I sort of deduced the existence of Thurian era sabertooths. In the Hyborian Age, there is at least one living sabertoothed cat still alive in Conan's day. The Pictish Wilderness was supposed to be the last bit of untouched wilderness in the West, a remnant of the sort of conditions that existed before the Hyborians came south. So we can safely assume that there were more sabertooths in the past, after the Great Cataclysm. In "Beyond the Black River", when the sabertooth first appears, it is mentioned that no Hyborian hunter has seen one in centuries. This implies that Hyborian hunters DID see this beasts, just not in the present day.

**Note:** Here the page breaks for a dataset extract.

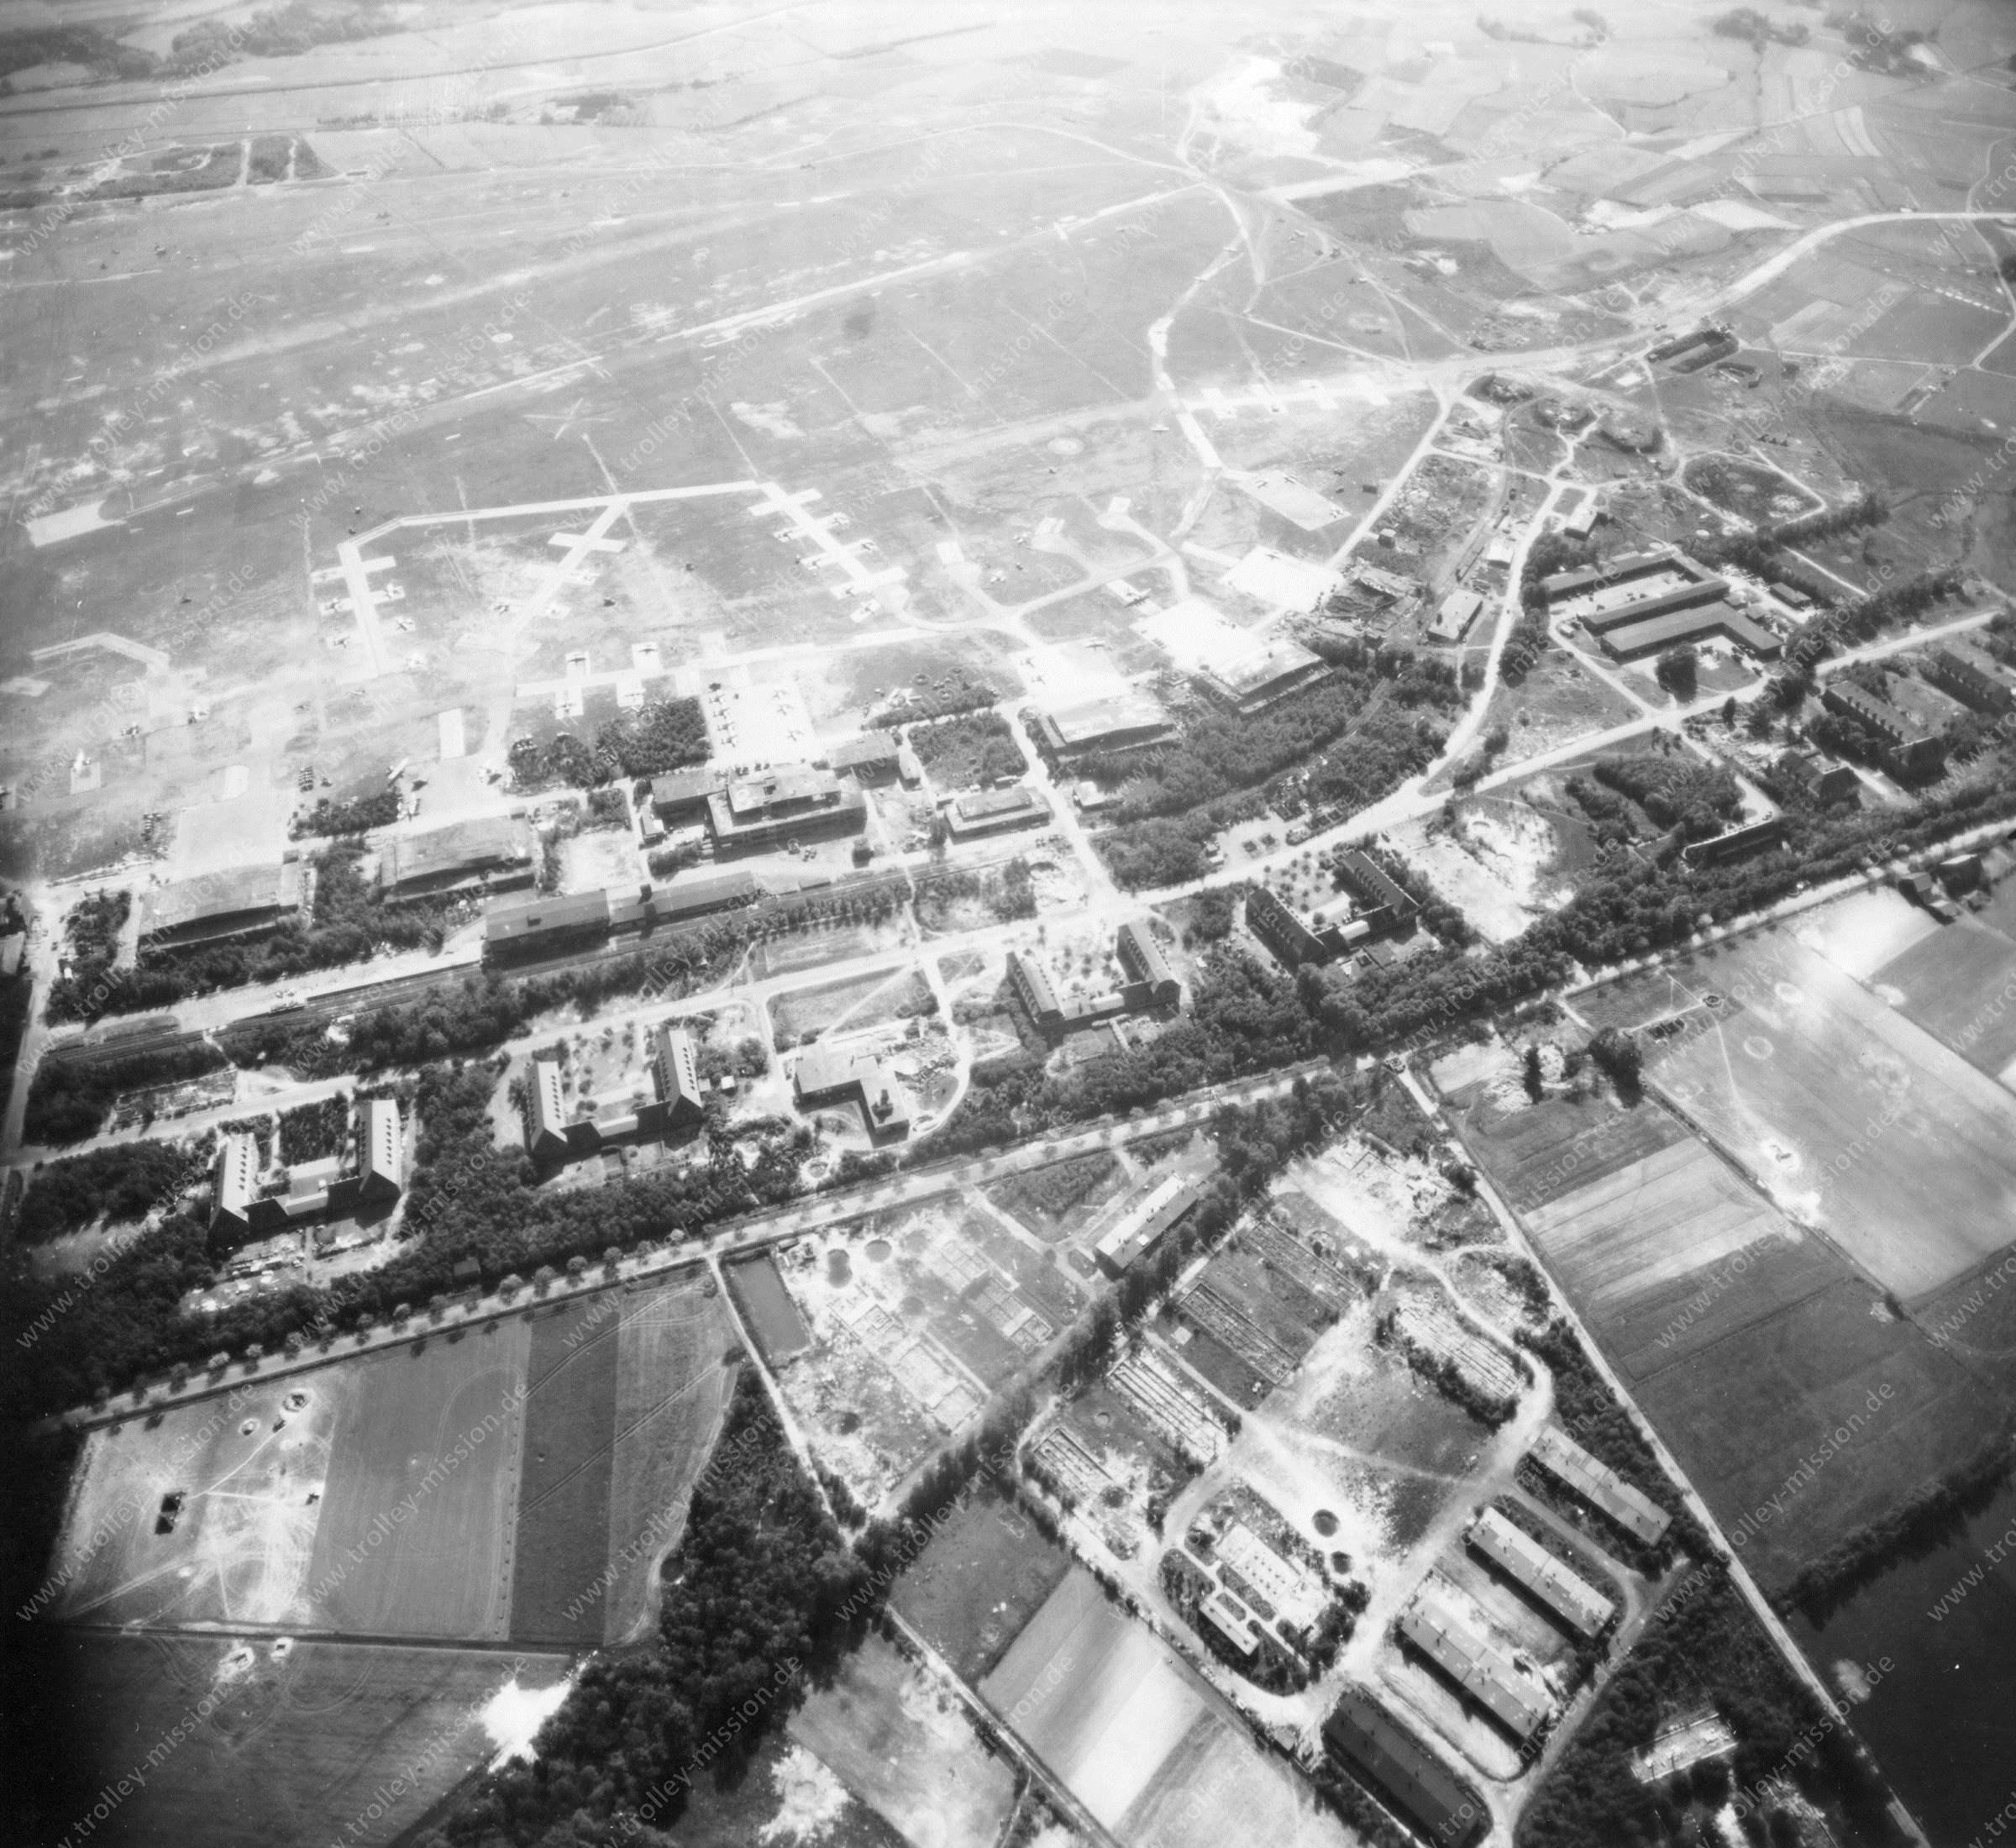 Luftbild Fliegerhorst Gütersloh der Luftwaffe

So there were sabertooths after the Great Cataclysm, which means they must've existed BEFORE the Great Cataclysm. I think that after Thurian civilization disappeared, the sabertooth population made a comeback. They would've existed in the deep wildernesses in Kull's time, but rapidly expanded to fill in the gap when the human population took a nosedive. I'm not saying that they were a completely mundane animal in Kull's time; they would definitely be something that existed beyond the edges of Thurian civilization. Keep in mind that the great Thurian civilizations made up only a small piece of the world, and apart from them, only the Non-Thurians of the East and the pre-humans of the South are mentioned, which implies to me that there was a LOT of wilderness.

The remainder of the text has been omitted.